In short: AI on a laptop starts in 5 minutes, but the rules differ from a desktop - thermals, battery, and the NPU decide everything, so the key is small, always-on tasks on the NPU all day, and heavy tasks on the GPU or unified memory.
AI on a laptop starts in 5 minutes, but the rules differ from a desktop - thermals, battery, and the NPU decide everything, so the key is small, always-on tasks on the NPU all day, and heavy tasks on the GPU or unified memory. Transcription (Whisper base/small), live captions, embeddings, and 1-4B small LLMs run quietly all day on an NPU at a measured 5-10W, while 7B+ chat LLMs, image generation (SDXL), and Whisper Large need a discrete GPU or unified memory. And RAM and memory bandwidth, not the marketed TOPS number, are the real bottleneck.
In one line: run small, always-on AI on the NPU at low power all day, and heavy models on the GPU or unified memory in short bursts. RAM, bandwidth, and thermals set real speed, not the TOPS on the spec sheet.
In plain terms: laptop AI is fuel-efficient city driving. The NPU carries small loads on little fuel all day (battery), while big loads (large models) burn a lot and need the charger (wall power) and a big engine (GPU).
What can your laptop do (by class)?#
NPU laptops do small AI all day, GPU laptops do big models in short bursts, and a MacBook does as much as its unified memory. The Copilot+ PC bar is a 40+ TOPS NPU and 16GB RAM, running transcription, captions, Windows Studio Effects, and small LLMs locally. Gaming/discrete-GPU laptops run 7-13B LLMs and image generation fast in measurements but draw 30-40W, so battery is short. A MacBook (Apple Silicon) uses unified memory wholesale: 16GB handles around 7B, 128GB up to 70B-class - but a fanless design thermally throttles on sustained inference past 10-15 minutes. Here an NPU (neural processing unit) is a small chip dedicated to AI matrix math at low power, while unified memory is an architecture where CPU and GPU share the same RAM so a large model can load whole.
| Laptop class | Typical spec | Runs well | Weak at | Battery |
|---|---|---|---|---|
| Thin-and-light (NPU/Copilot+) | 40+ TOPS, 16GB | Whisper base/small, captions, embeddings, 1-4B LLM | 7B+, image gen | Long (NPU 5-10W) |
| Gaming/discrete GPU | RTX 8-16GB | 7-13B LLM, SDXL, Whisper Large | Battery (30-40W) | Short, plug required |
| MacBook (unified memory) | M-series 16-128GB | As much as memory (fast prompt) | Fanless thermal throttle | Well balanced |
How do an NPU and a GPU differ?#
An NPU is "steady" on little power; a GPU is "hard" on lots of power. The NPU specializes in low-precision matrix math like INT8, doing the same background blur at 5-10W versus a GPU's 30-40W, and it holds about 92% of peak on battery in measurements (an external dongle drops about 63% from heat). But big LLMs do not route through the NPU yet: as of 2026 Ollama and llama.cpp do not target NPUs and use GPU acceleration like Metal or CUDA instead. The NPU's sweet spot is Whisper variants, Phi-class small models, embeddings, and always-on agents. In short, think of it as NPU for "small AI that runs quietly all day" and GPU for "big AI you run hard for a short burst."
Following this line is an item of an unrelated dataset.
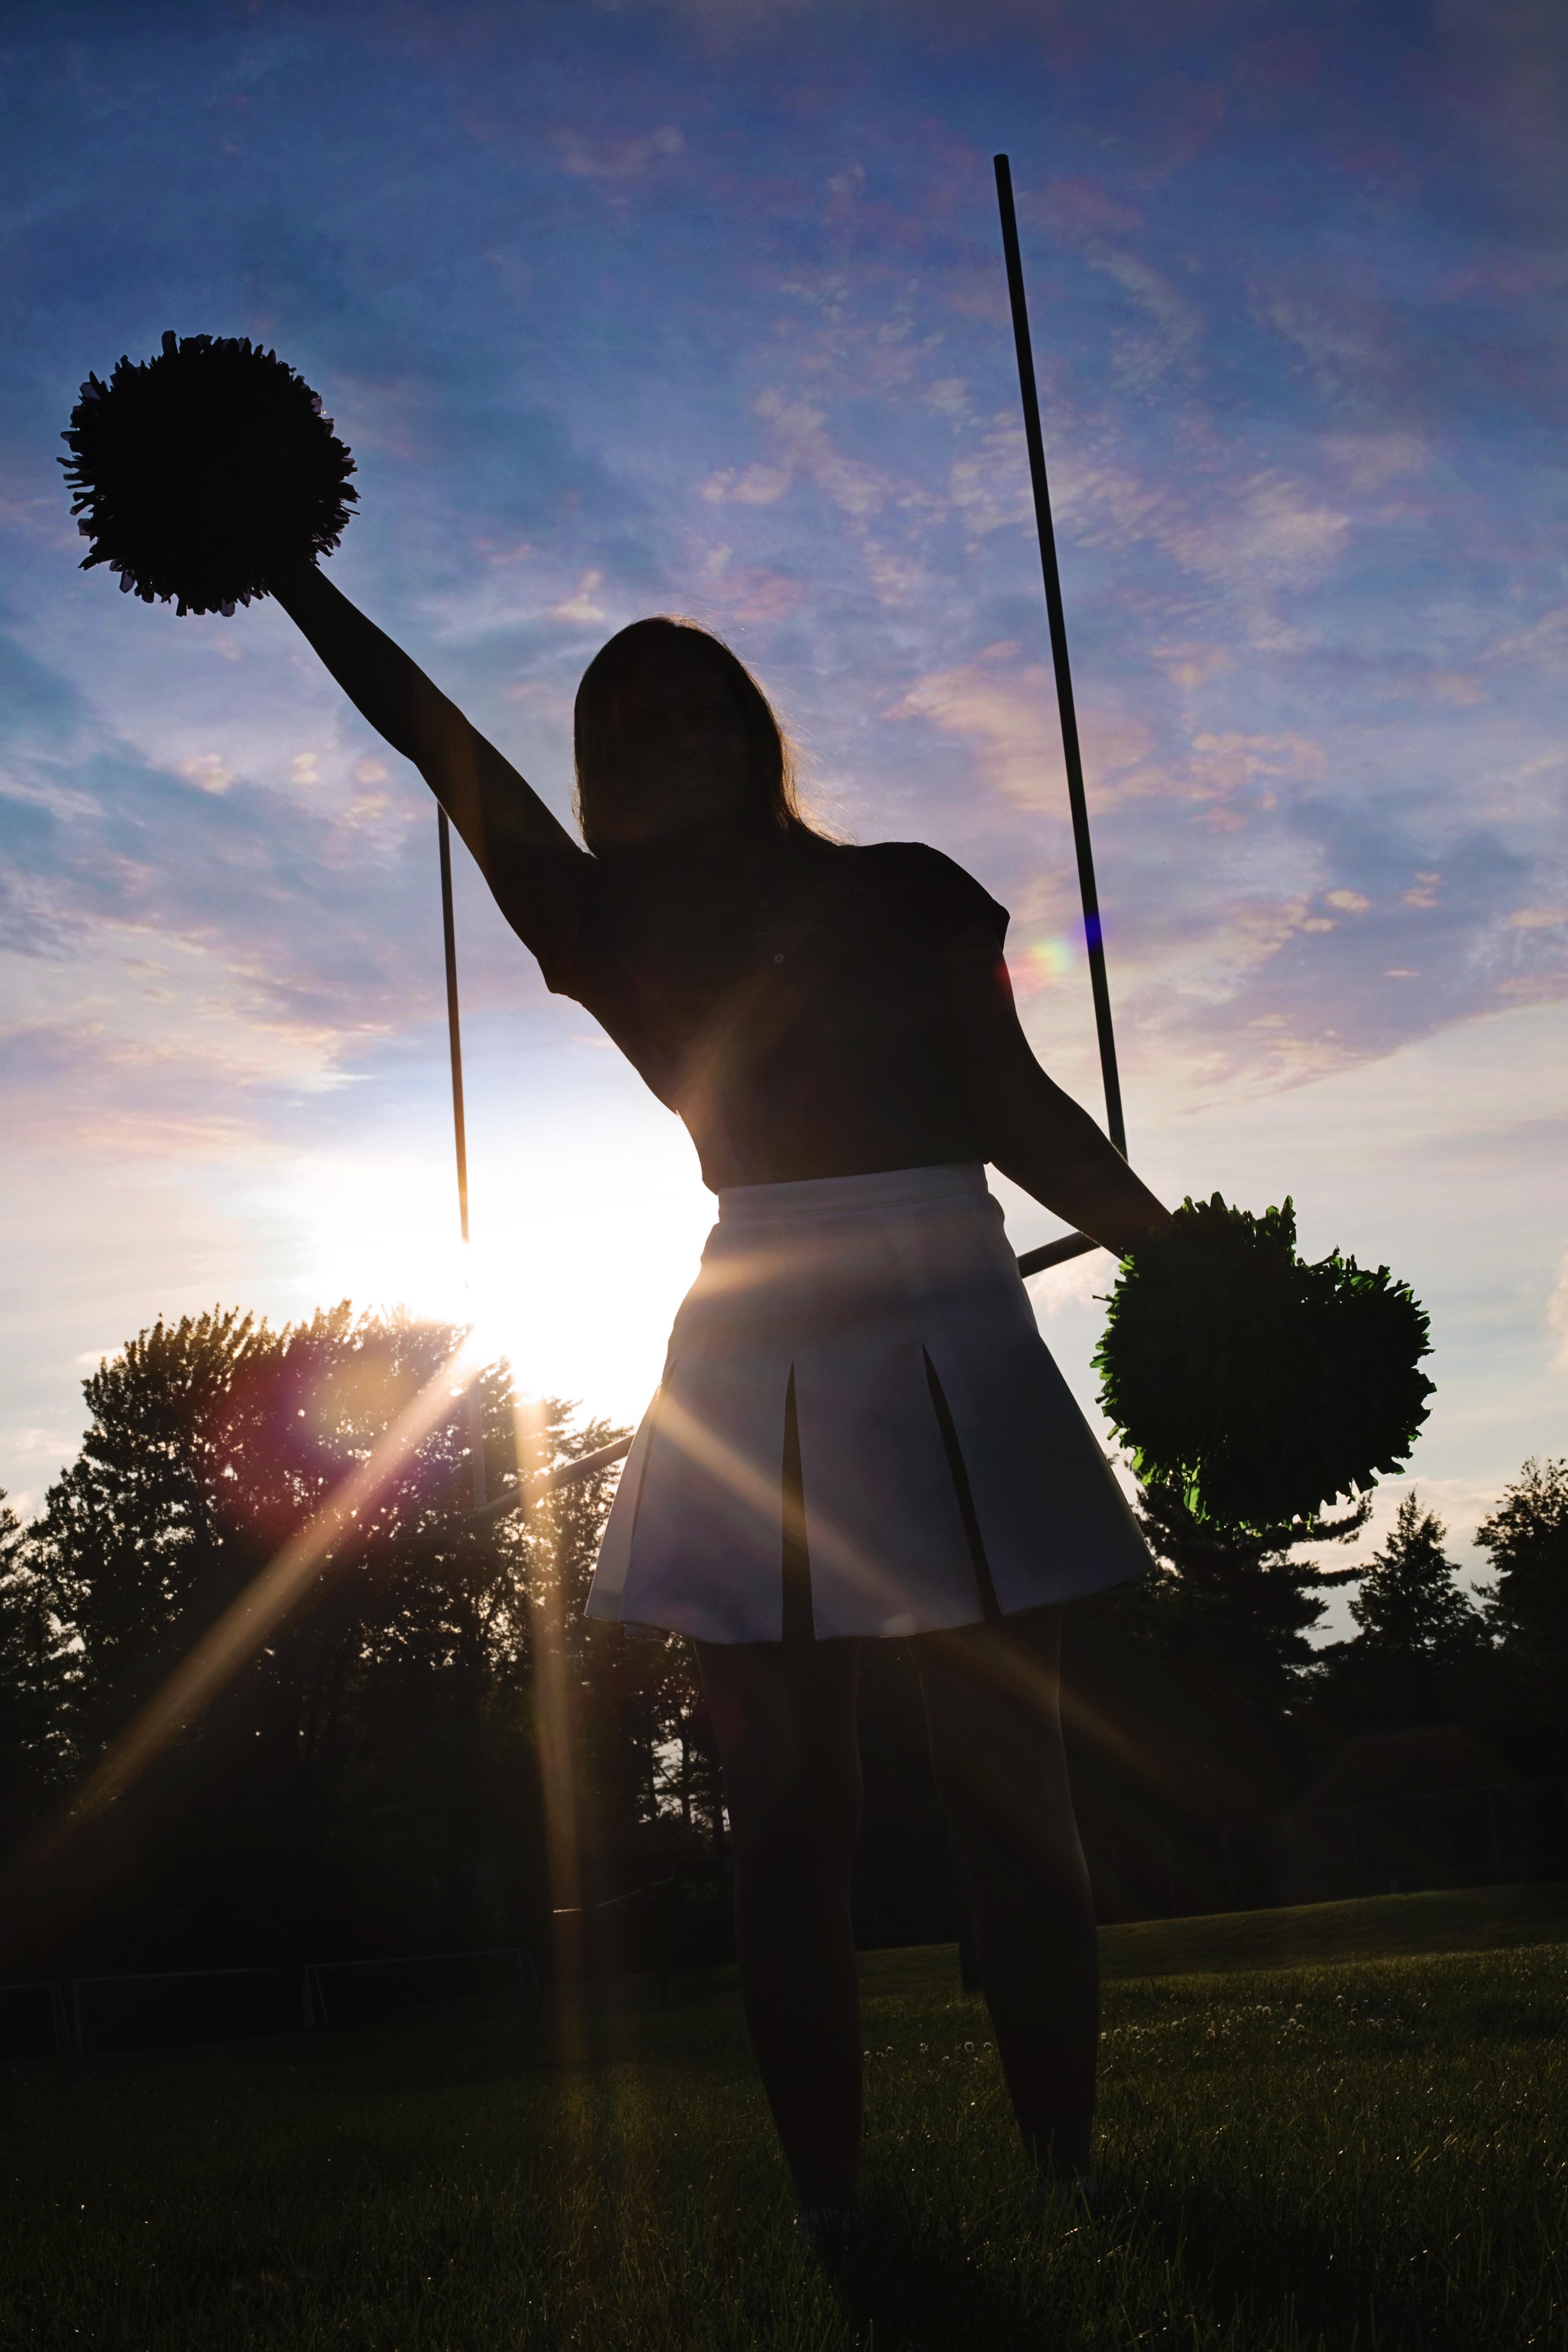 Cheerleader practicing photo

Where do beginners get stuck?#
Three things: thermals, RAM, and NPU expectations.
- Thermals: a benchmark is not 10 minutes, it is real use. Thin laptops throttle on sustained inference, dropping from a measured 24 to 18 t/s (plug in and use a stand for big jobs).
- RAM: above all, do not skimp on RAM - the real bottleneck for loading models is RAM and bandwidth, not TOPS.
- NPU expectations: "NPU equals big-LLM acceleration" is a misconception. It is for small, always-on models, not for a 70B.
How do you do it in 5 minutes?#
Start with the small task, respecting the laptop's limits.
- For transcription, launch Whisper base/small; for chat, a 1-4B small LLM first (both are laptop-friendly).
- Run the same task on battery and on the charger and compare the speed gap (throttling).
- Run heavy models (7B+, image gen) on the charger, and use a stand to shed heat on long runs.
Reference links
- Whisper (transcription model)
- ONNX Runtime (NPU runtime)
- Core ML Tools (Apple on-device)
- llama.cpp (GPU-accelerated inference)
- Copilot+ PC NPU developer docs
Note: TOPS, power, tok/s, and bandwidth figures are public 2026 measurements and docs and vary by chip, cooling, power, and software. Measure exact speed on your own laptop on both battery and charger with the method above. Laptop AI chips and runtimes change fast, so this is reviewed quarterly.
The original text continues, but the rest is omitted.